# Heavy X-Trail Clutch



## x-trailblazer (Sep 13, 2007)

Hi everyone,

I'm now the proud owner of a wonderful X-Trail 2.2 Dci - born: January 2004!
Mileage: 71,000

I love the car, except that the clutch pedal is very stiff - no nasty noises or anything else to worry about, just a very heavy clutch.

I understand the X uses a hydraulic clutch, as opposed to cable.

Can these be adjusted in some way, or could there be a hydraulic fluid issue - or could the clutch be on its way out?

Any advice would be welcome.

Dave.


----------



## Sulphur man (Sep 6, 2005)

From the mileage I would suggest inspecting/adjusting the pedal as a first step. Followed by bleeding the system.

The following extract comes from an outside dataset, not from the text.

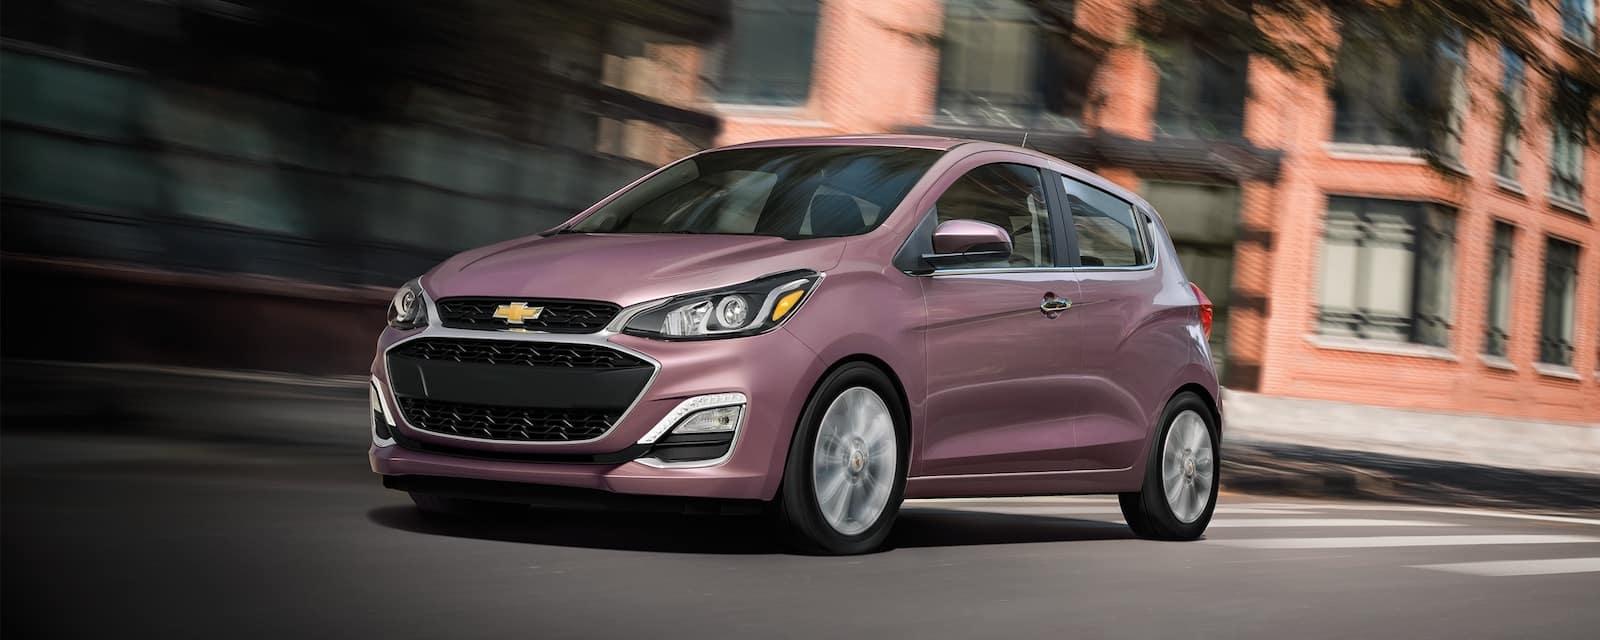 Chevrolet Spark Dealership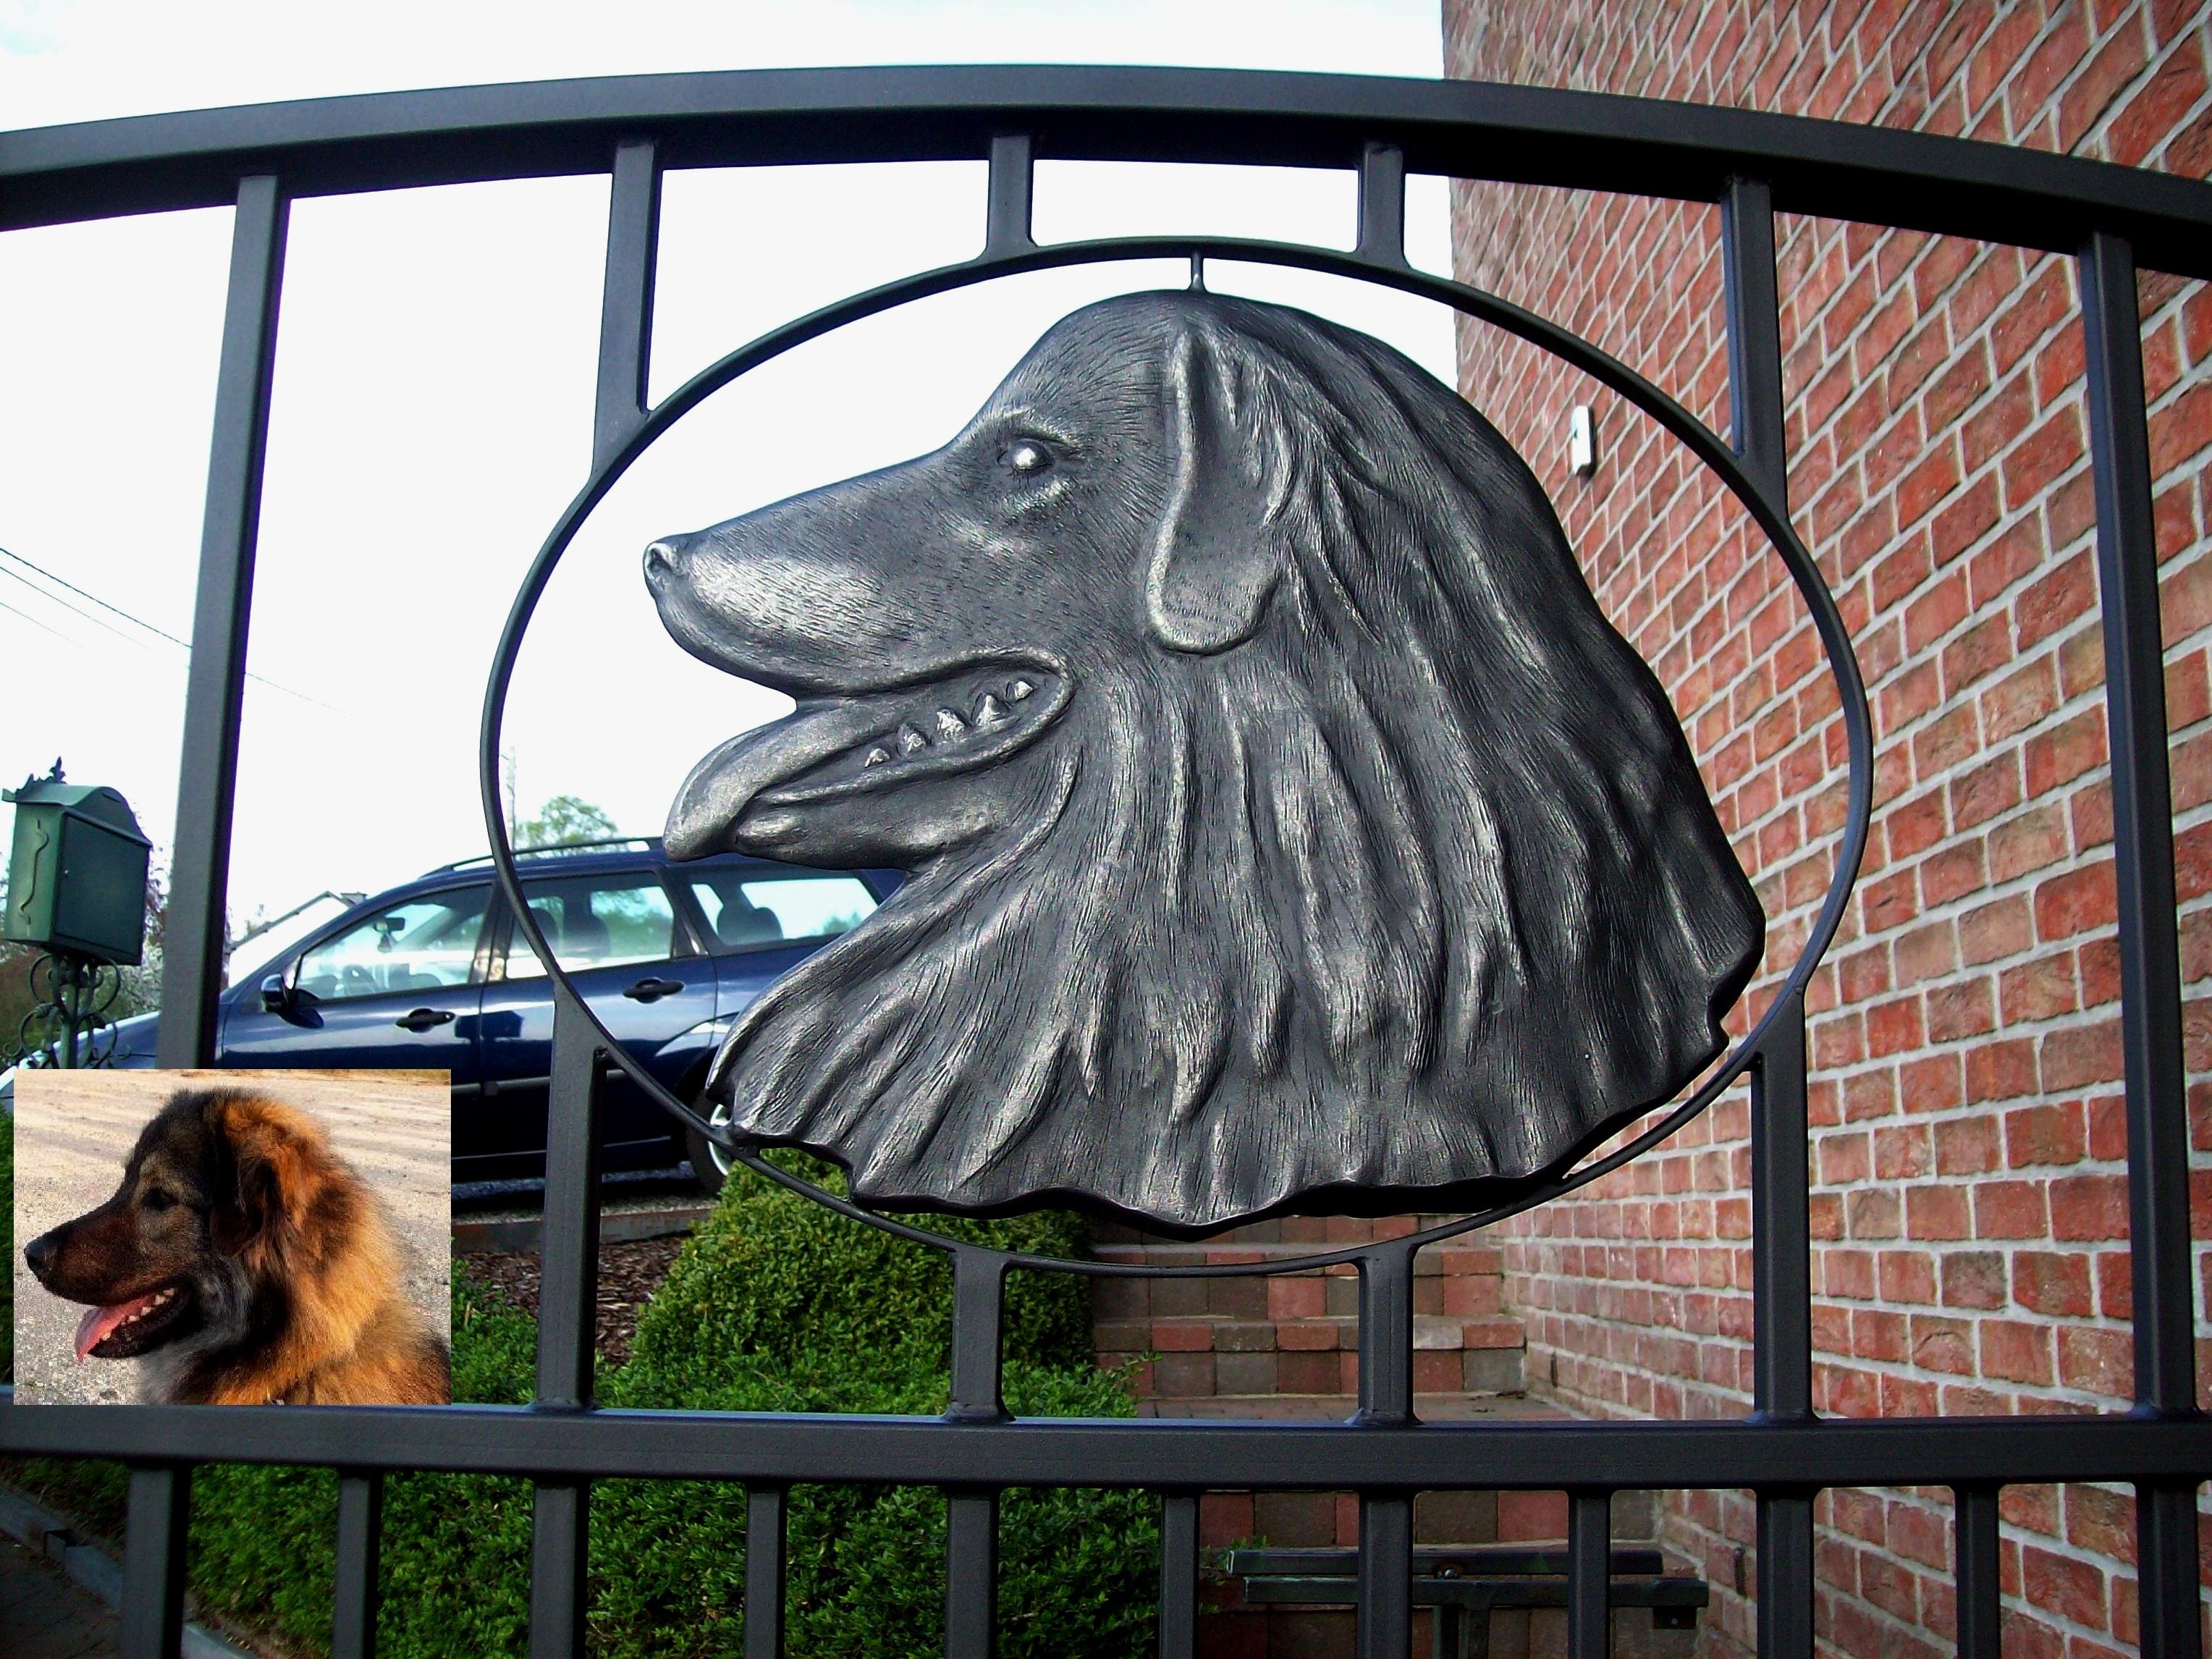 Hond in smeedijzer +Sarplaninac

Maybe there is moisture in the fluid?

Do you have the electronic service manual?


----------



## blackpete (May 19, 2007)

Hi X trailblazer unless someone has put a heavyduty preasure plate in youre car i think
maybe youre clutch is wearing out.yous see as the driven plate wears out the fingers on the
preasure plate come futher and further out and over centre, this can cause a heavy clutch
pedal.that asuming of cause no one has put the the wrong master or slave cyclinders at
some stage you dont know about.i got caught once with that.and no you cant adjust
hydraulic clutchs for this.


----------